Иоанн велел обнажить и расстрелять дерзких. Мать князя Владимира, престарелая монахиня Ефросиния, была умерщвлена вскоре после сына — ее утопили в реке Шексне.[17] Костромские начальники, допустившие оказать чересчур радушный и пышный прием со стороны народа князю Владимиру Андреевичу, о чем царь узнал из грамоты воеводы Темникова, полученной, если не забыл читатель, в день назначенного обручения княжны Евпраксии, были вызваны в Москву и казнены гораздо ранее. Царь был мрачен и озлоблен; мучительные бессонные ночи сменялись не менее тревожными днями, тянувшимися необычайно долго как для царя, так и для его приближенных, трепетавших ежеминутно за свою жизнь. Один Малюта чувствовал себя превосходно и действовал с неутомимою энергией среди зловещей тишины, наступившей после этой братоубийственной казни.

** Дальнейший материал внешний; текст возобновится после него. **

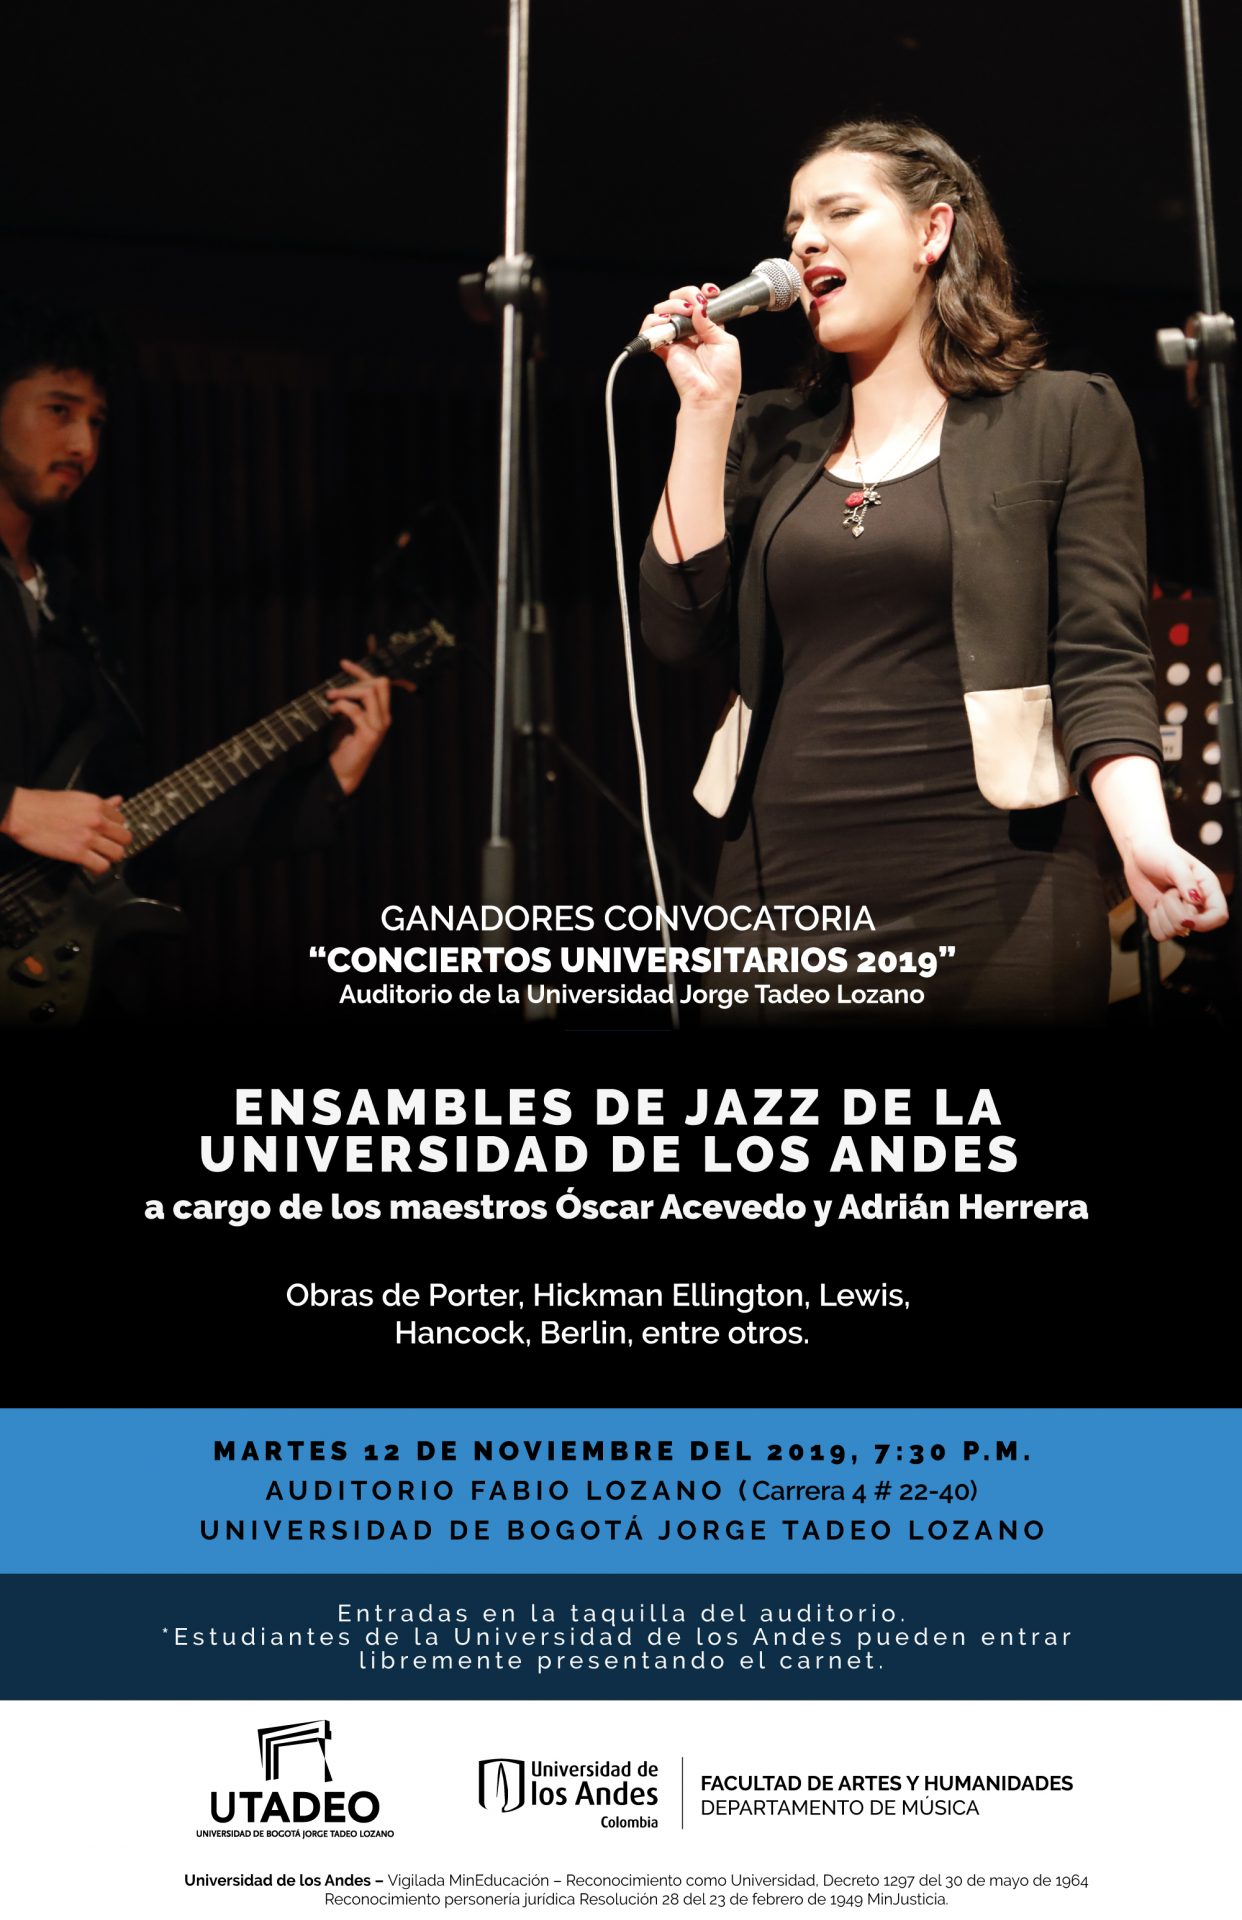 Concierto de los Ensambles de Jazz de la Universidad de los Andes, ganadores de la convocatoria 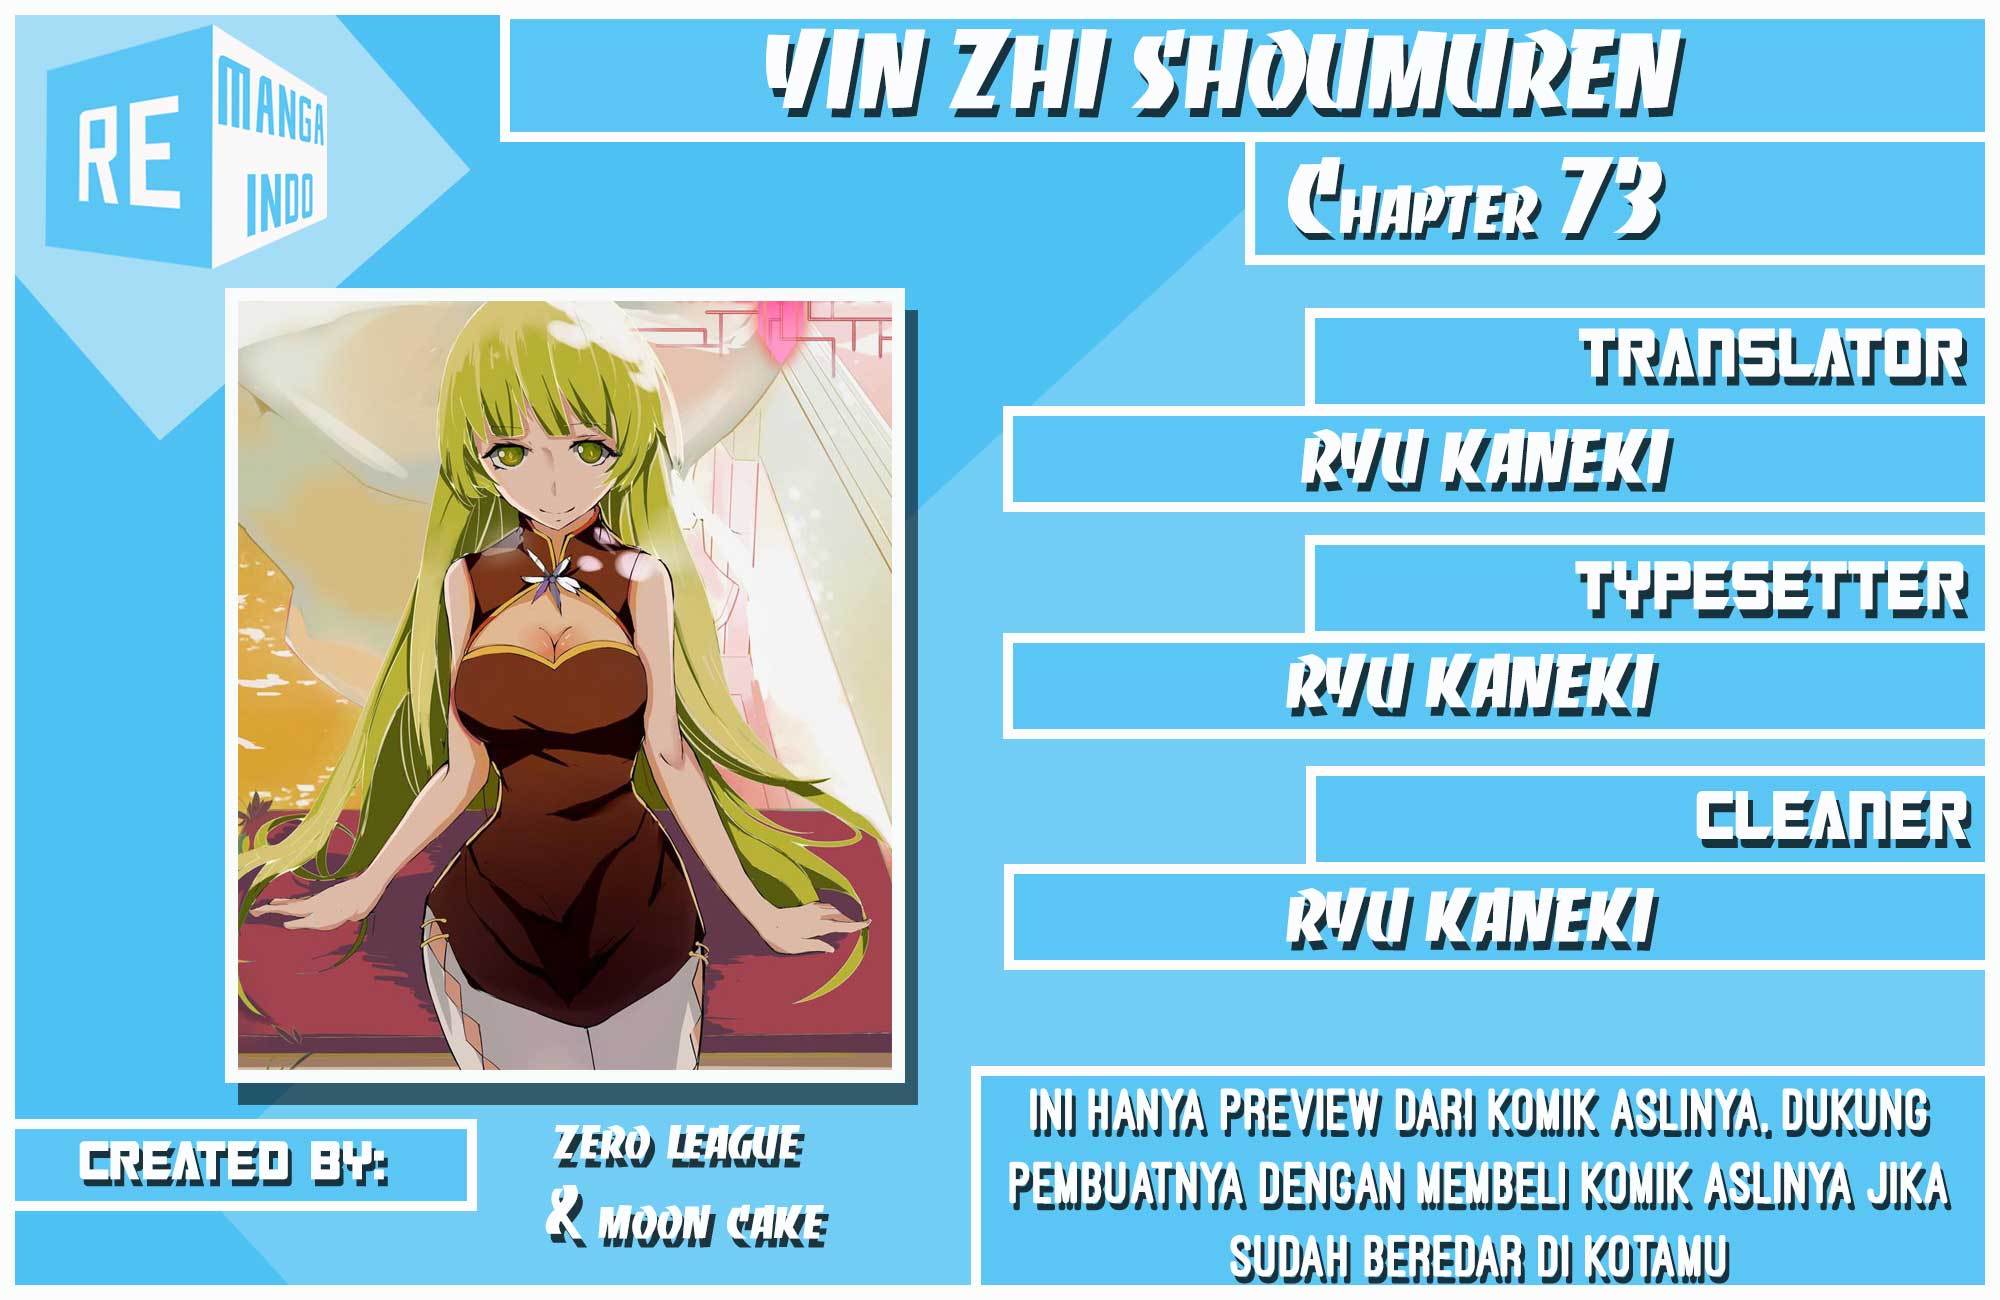 Yin Zhi Shoumuren Chapter 73

Он готовил опьяненному убийствами царю новую кровавую забаву, решив, что после смерти «старого князя», как называли современники Владимира Андреевича, наступила очередь и для окончательной расправы с его мнимым сообщником, князем Василием Прозоровским, временно как бы забытым в мрачном подземелье одной из слободских тюрем.
По внешности порядок жизни в Александровской слободе не был ничуть нарушен роковыми событиями; она текла своим обычным чередом; общие молитвы сменялись общими трапезами, граничащими с оргиями, от которых снова переходили к молитвам. К одной из таких трапез был приглашен и князь Никита Прозоровский, с которого царь снял опалу. Во главе посольства, отправленного к князю с этою царскою милостью, стоял сам Григорий Лукьянович Малюта Скуратов. Князь Никита встретил царское посольство, по обычаю, у ворот своего дома.
— Князь, — сказал Григорий Лукьянович, — великий государь прислал меня к тебе с свои царским указом: царь и великий князь Иван Васильевич всея Руси слагает с тебя гнев свой и сымает с главы твоей царскую опалу и прощает тебя во всех твоих винностях…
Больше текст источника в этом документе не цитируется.